Another problem that cannot be avoided is how to choose environmental covariates and how to represent their effects on the number of HPAI H5N1 cases in wild birds and poultry, because the processes including environmental factors influencing the spread of HPAI H5N1 virus are not clearly understood [13]. Here, we have chosen ten well defined environmental covariates, but the analysis may benefit from addition of other covariates and other representations (e.g., the role of live bird markets, cropping intensity etc.). Moreover, environmental covariates have temporal variability and this could lead to temporal variability in HPAI H5N1 virus cases. Thus, more effective environmental covariates and their interactions, as well as temporal variability could be taken into account in future research.

5 Conclusion

This research has adopted an integrated spatial regression model to explore the associations between the number of HPAI H5N1 cases in wild birds and poultry in China and ten environmental covariates such as to predict HPAI H5N1 risk in different geographical areas. This spatial regression model comprises a GLMM including a variogram model term allowing a quantitative analysis of the effects of environmental covariates and spatial dependence in the HPAI H5N1 incidence residuals. This spatial regression model is promising because it has a simple structure and good predictive capability. Thus, it can be applied to risk modeling of other subtypes of avian influenza and other diseases where spatial autocorrelation persists in model residuals.

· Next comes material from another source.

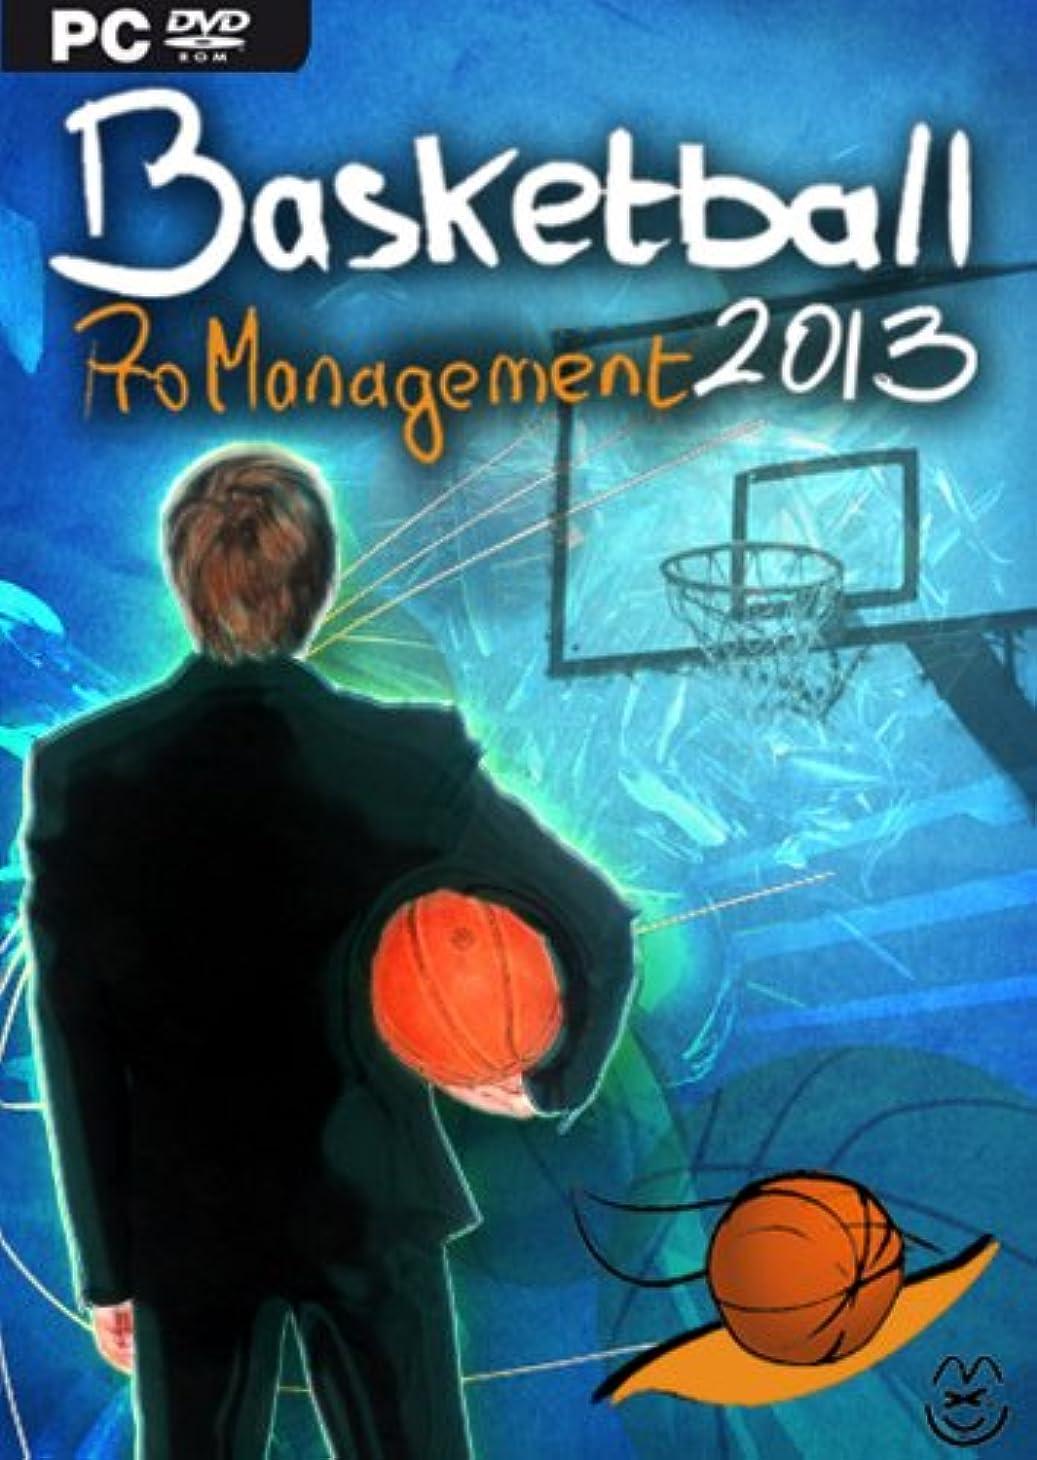 サンダース美的引き金Basket Ball Pro Management 2013 [ダウンロード]
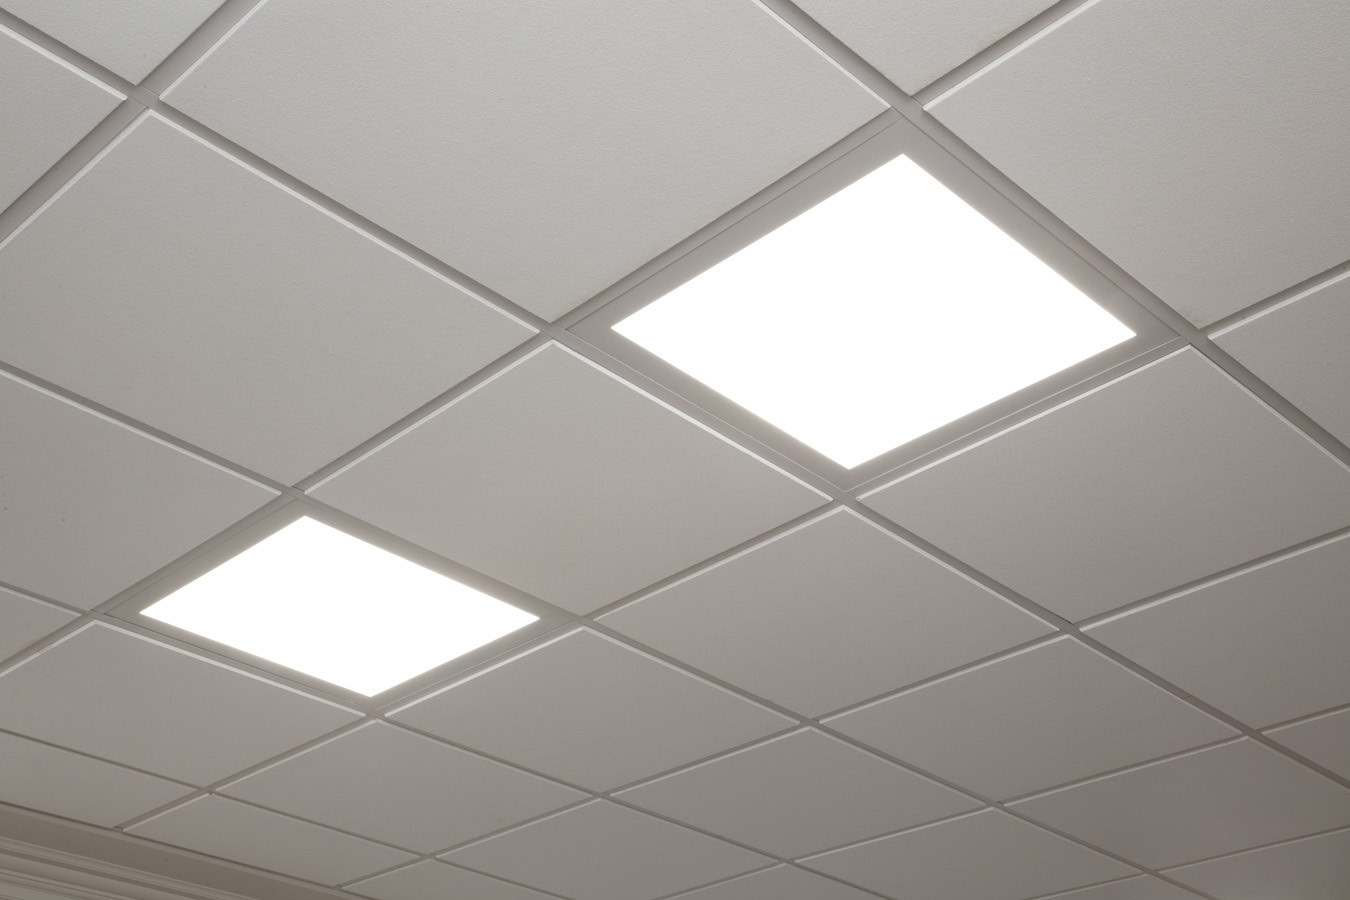 2×2 Ceiling Tile Lights

The spatial regression model applied to risk modeling of HPAI H5N1 in wild birds and poultry in China has produced some interesting results. Four environmental covariates were significantly associated with the number of HPAI H5N1 cases in wild birds and poultry. These four covariates were annual mean temperature, poultry density, distance to lakes and wetlands, and distance to bird migration routes. Predicted high risk areas were identified in Northwest, Central, Southwest and Southeast China. These high risk areas fall within two bird migration routes: the Middle-Asia India Route and the Western Pacific Route. This implies that wild birds and bird migration may play an important role in outbreaks of HPAI H5N1 in China. Further research should be undertaken to explore further these findings, with the possible goal of targeting these geographical regions for future surveillance and control.